Now, did he do the photo? Yes. But as we were taking it, he looked away (right after taking a bite of his food). Since I could see our picture in my screen as we’re taking it, I could see his head turned away from us and his mouth full of food. So, I said (as nicely as I could), “Sweetie, could you please look at the screen?” Since there was a sun glare, I thought maybe he couldn’t see it. He replied with, “Don’t tell me what to do.” I was so stunned…I mean, he’s scary anyway….so, I tried to explain that I didn’t know if he saw the camera. I was so nervous and obviously caught off guard. Then he looked right at me and said, “It’s not about you.” I can still hear those words burning in my mind. He was so cold, so awful, and his words just cut like a knife. In fact, he was so mean about it that I cried (don’t judge me). Yes, he did the pic, but who cares. That wasn’t worth it at all.

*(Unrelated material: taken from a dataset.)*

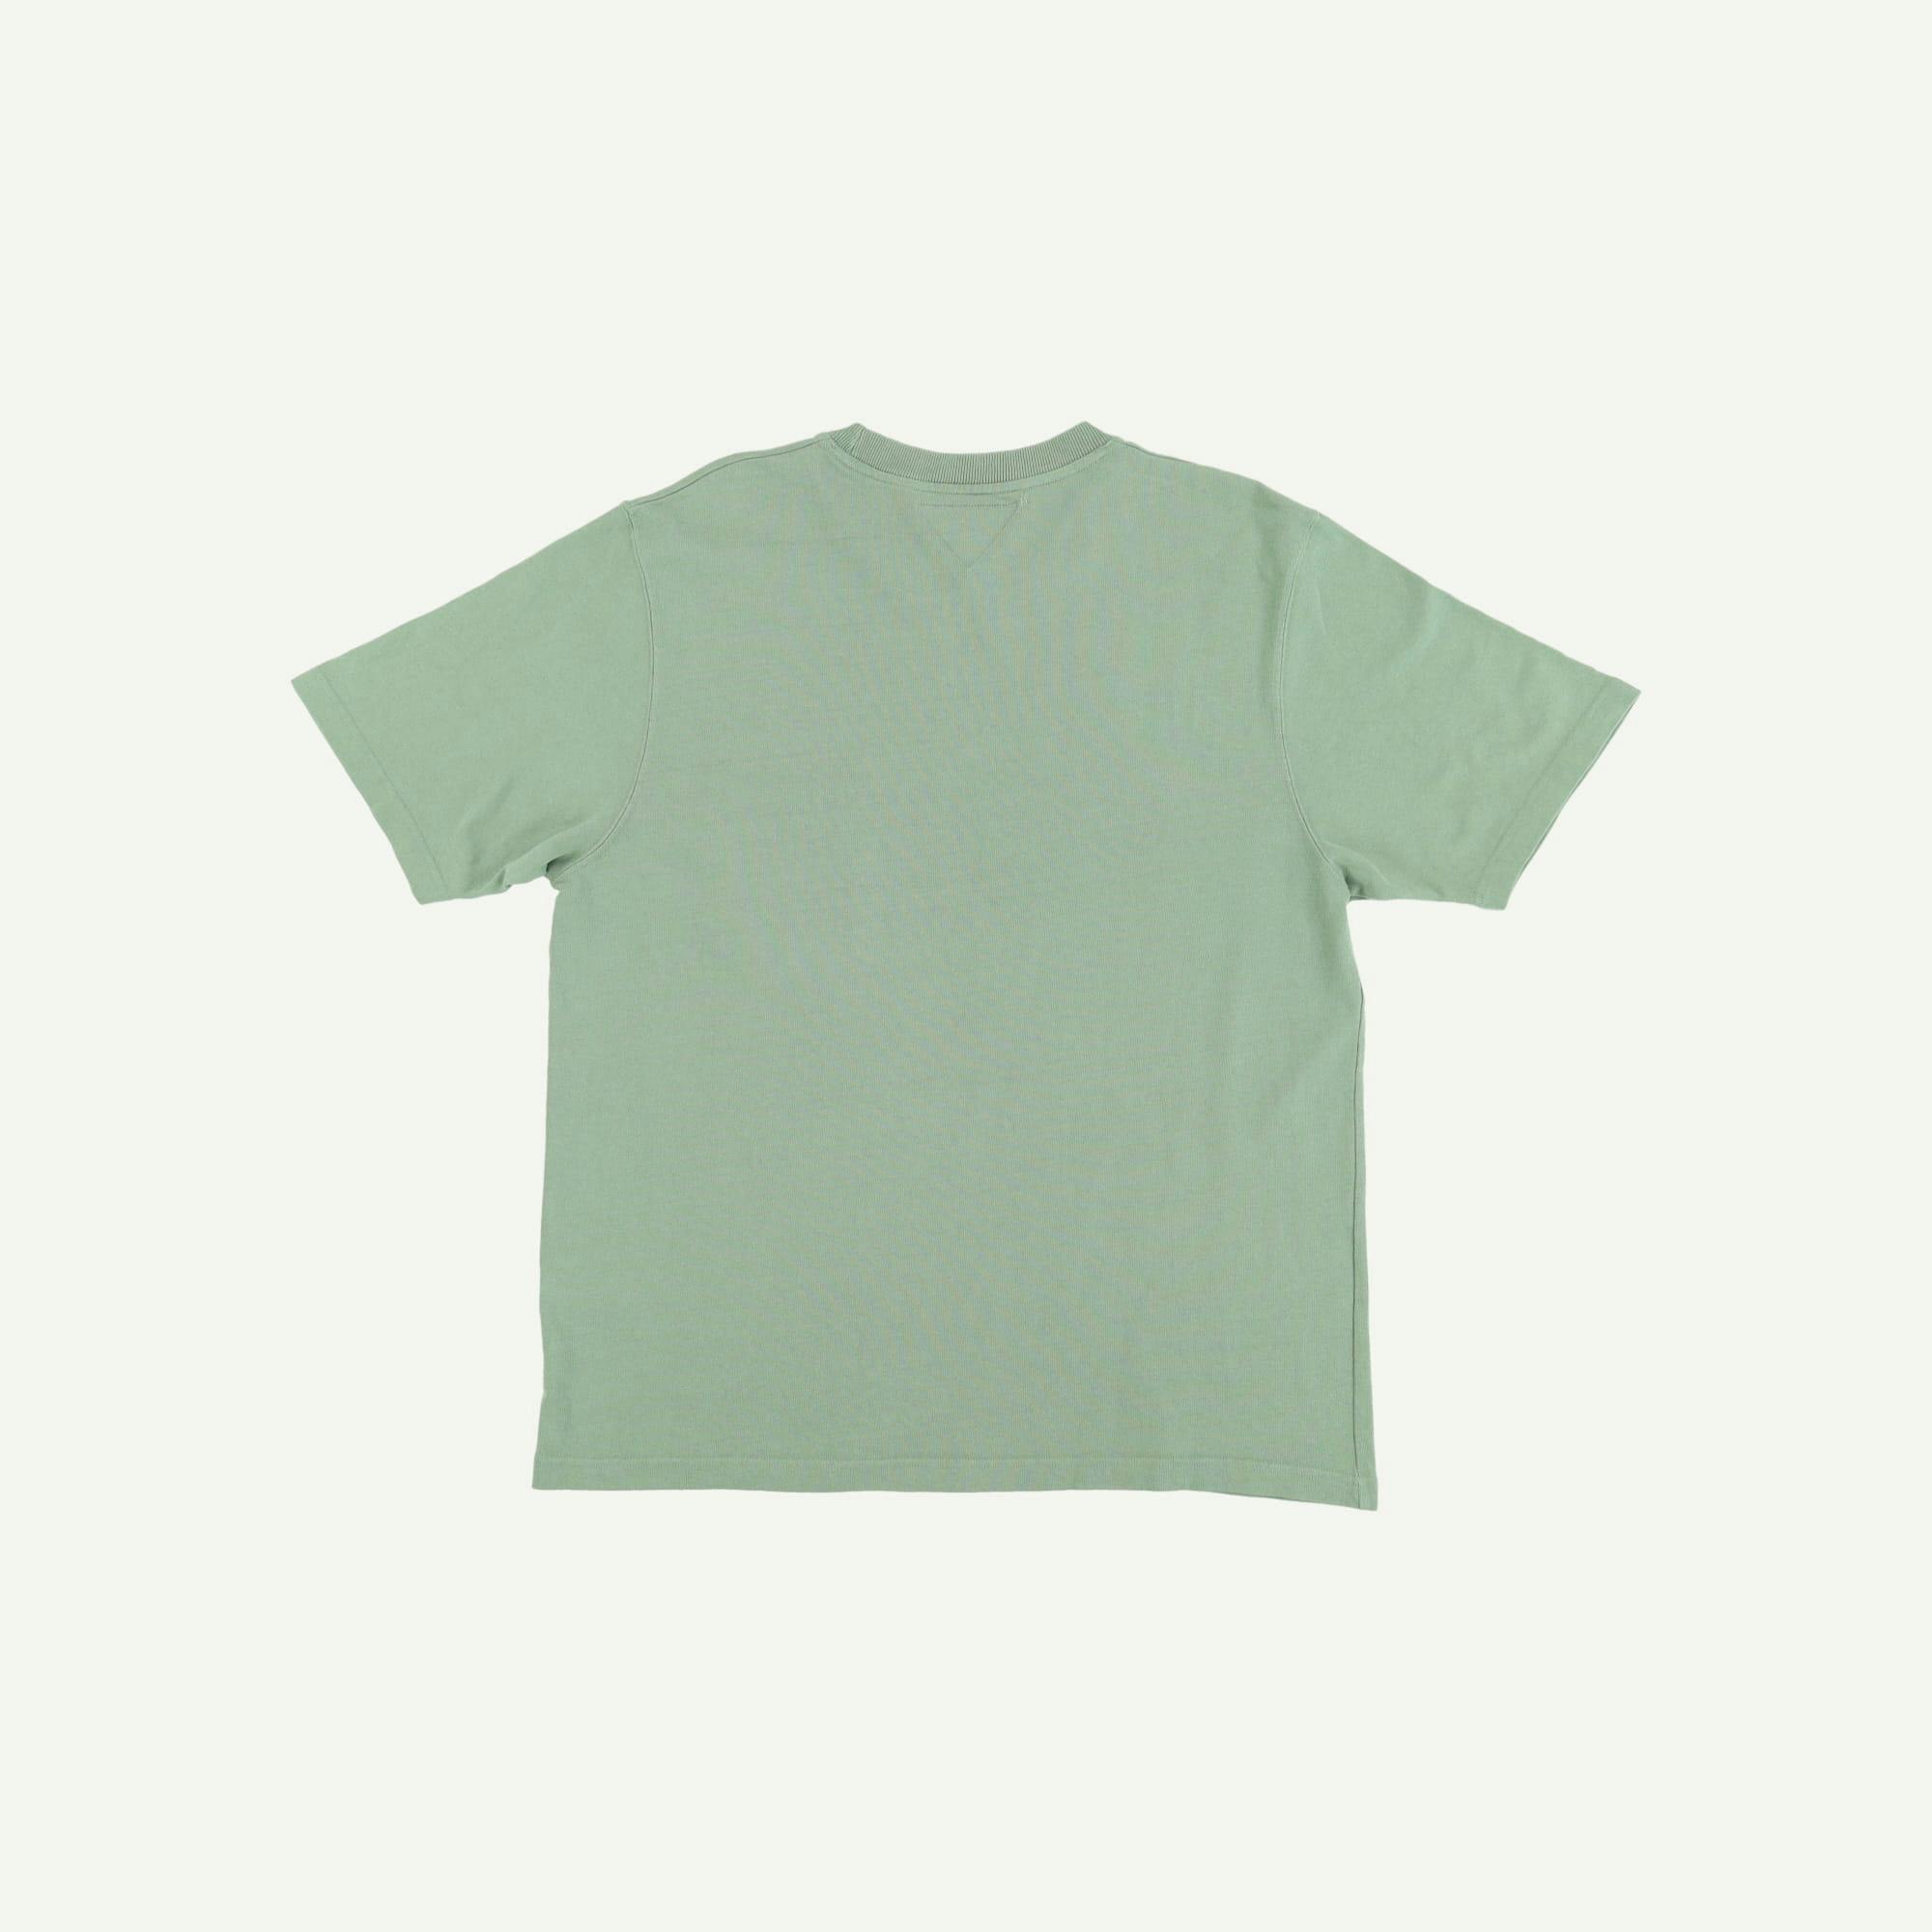 Finisterre Pre-loved Green T-Shirt

My final experience, my third FAIL of the weekend, happened at the same charity event when I made the mistake of asking Donald Faison for a picture (and it’s totally fine if your first reaction was, “Who?”).
If you’re like most people (assuming you do know who he is), you know Donald in one of three ways: 1) Because he was on Clueless 2) Because he was on Scrubs and has a famous bromance with his co-star, Zach Braff or 3) Because he’s married to Jessica Simpson’s best friend, CaCee Cobb.
I’ve met Donald a few times before and he was pretty cool. He wouldn’t braid your hair or anything, but he wasn’t rude. That is, until now.
Donald and CaCee arrived to the event long after Jessica Simpson (who was more than happy to pose with fans, BTW, he should take a lesson!) and Donald was asked for a picture by not one, but two people. That’s it. TWO people. I was the second. And, apparently, two people are too much for Donald because as we were taking the picture, he yelled, “Can’t I even just get a moment of peace to enjoy myself?” Um, sure, Donald. I wasn’t a fan anyway (well, I USED to be….). If you’re too cool to do pictures at a CHARITY event without major attitude, then I don’t want to have anything to do with you. And your attitude needs to be left at the door. Has anyone told you Scrubs was cancelled a million years ago?
That’s all for my rants of the day. Perhaps they seem tame and not worthy of such a post, but I can assure you that all three of the fails spoke in such nasty tones to me that I never want to see any of them again. I guess sometimes it’s better not to meet your heroes….you’ll only be disappointed.